Читая биографии известных людей, я не раз замечал, что первая половина всегда интереснее. Наблюдать за превращением младенца с пальцем во рту в молодого политика с кукишем в кармане куда увлекательнее, чем следить, как из прожженного интригана вырастает вальяжный член кабинета министров. Такой поворот предсказуем, как предсказуемо то, что композитор, написавший одну оперу, скорее всего, напишет и другие, и его слава (что менее предсказуемо, но ничуть не удивительно) будет расти.

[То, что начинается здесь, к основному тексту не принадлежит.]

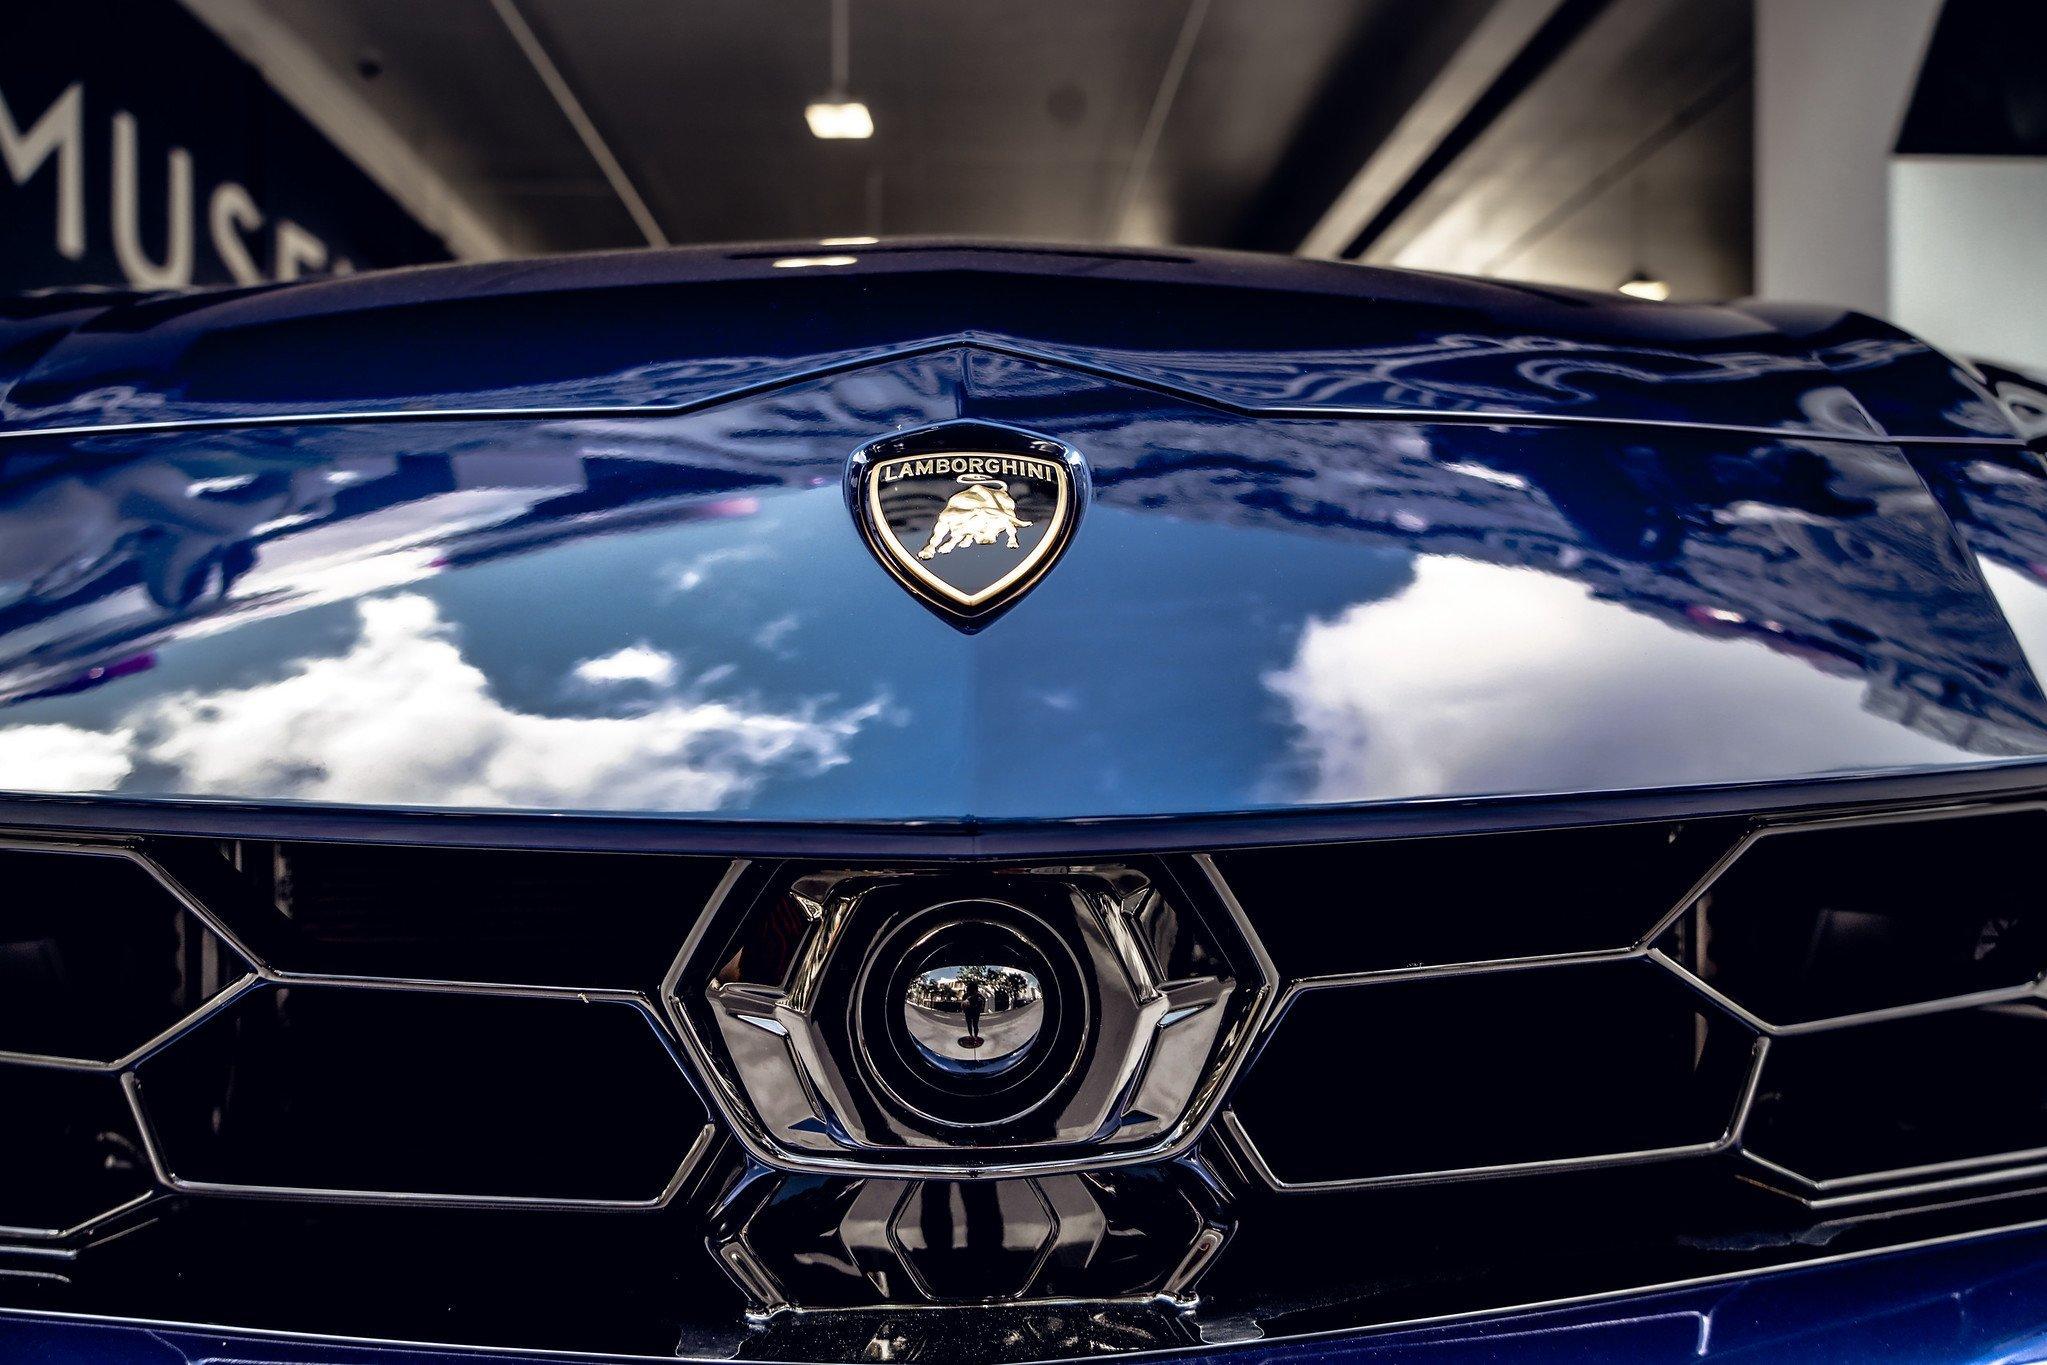 Image #14 of our  2021 Lamborghini Urus - Dark Blue    In Miami Fort Lauderdale Palm Beach South Florida

Равно как нет ничего удивительного (впрочем, и особенно интересного) в том, что любой мало-мальски известный человек вращается в кругу других известных людей, к примеру, обедает с леди Х.

Нас занимает другое: что привело человека к сочинению опер. Поведайте нам, почему мальчик стал аптекарем, расскажите, как аптекарю пришло в голову сочинить «Эндимион», но позвольте самим догадаться, что автор «Эндимиона» встретит Вордсворта и Шелли, и они воспримут как должное его «Оду к соловью».

Вовсе не пустое тщеславие заставляет думать, что наше детство интересно другим. Должно быть, многие задавались вопросом: почему человек, который пришел чинить телефон или кресло, избрал этот путь? Почему именно кресла и телефоны, а не что-то иное?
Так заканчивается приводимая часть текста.